_The task_.
For the material below, return exactly the lines starting at the line containing "A pair of 19th" and ending at the line containing "Pictured is a", both ends included, and no others.
[[ Data section open ]]
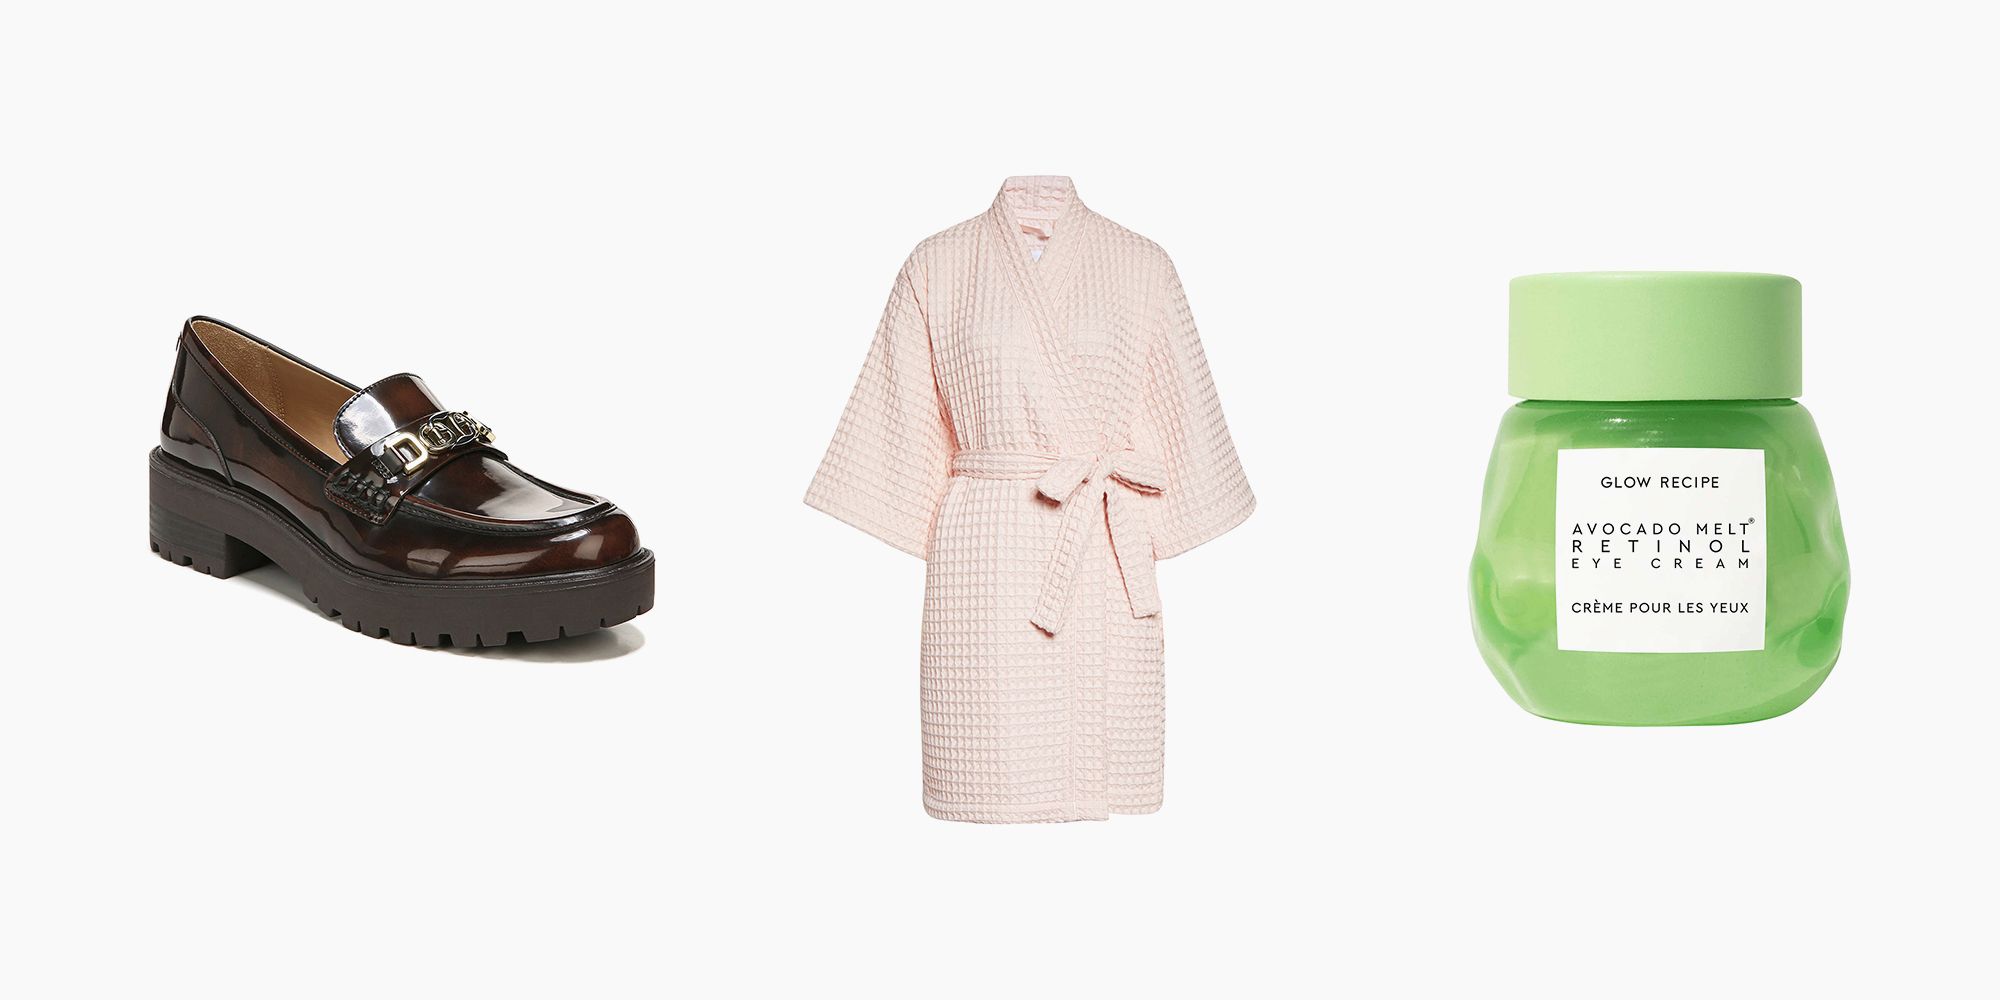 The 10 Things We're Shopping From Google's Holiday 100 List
[[ Data section closed ]]
[[ Data section open ]]
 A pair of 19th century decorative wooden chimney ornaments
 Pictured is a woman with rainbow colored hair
[[ Data section closed ]]
[[ Data section open ]]
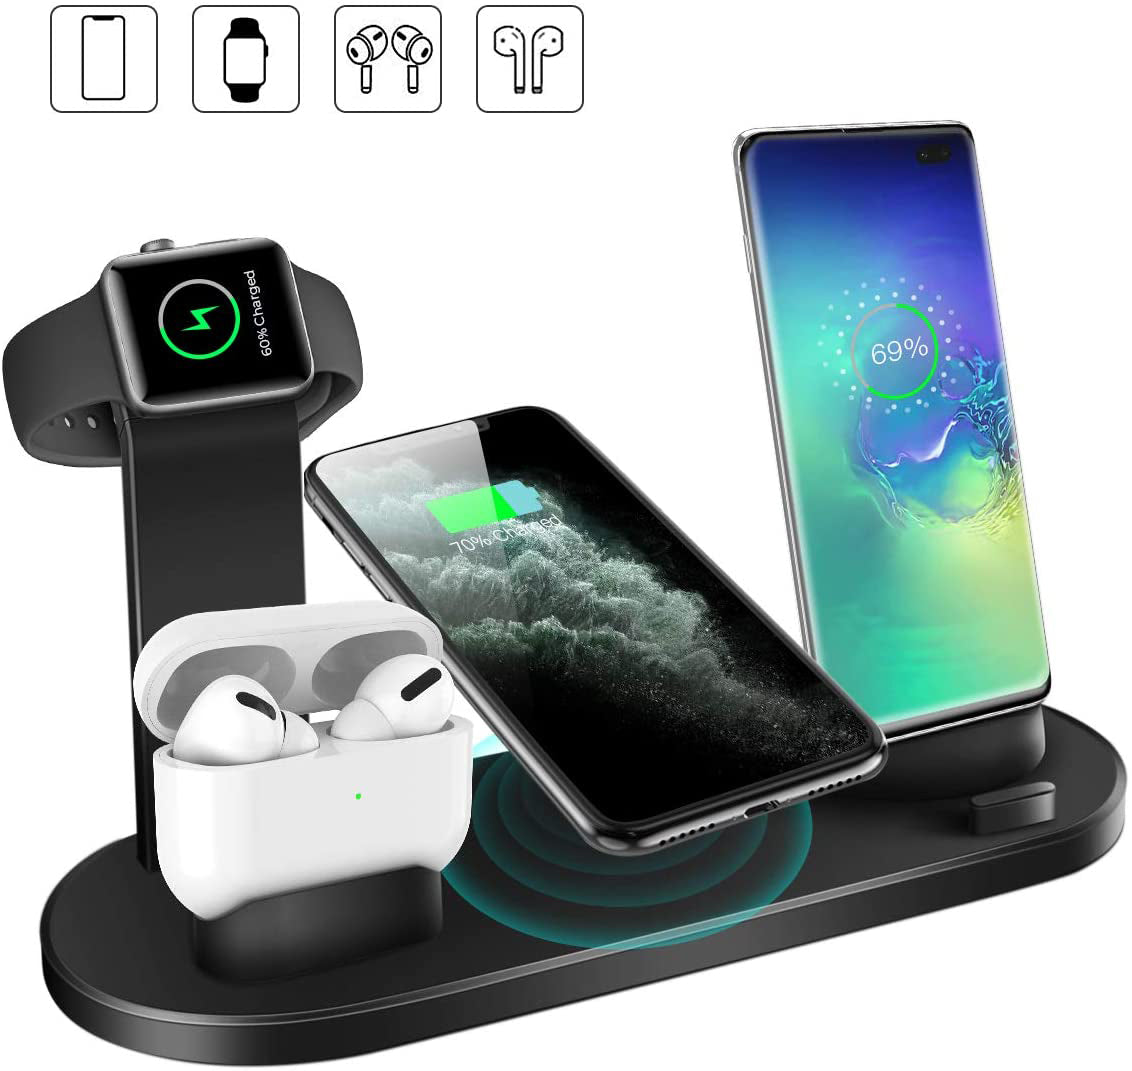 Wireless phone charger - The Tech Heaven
[[ Data section closed ]]
_Solution to this exercise_.
 A pair of 19th century decorative wooden chimney ornaments
 Pictured is a woman with rainbow colored hair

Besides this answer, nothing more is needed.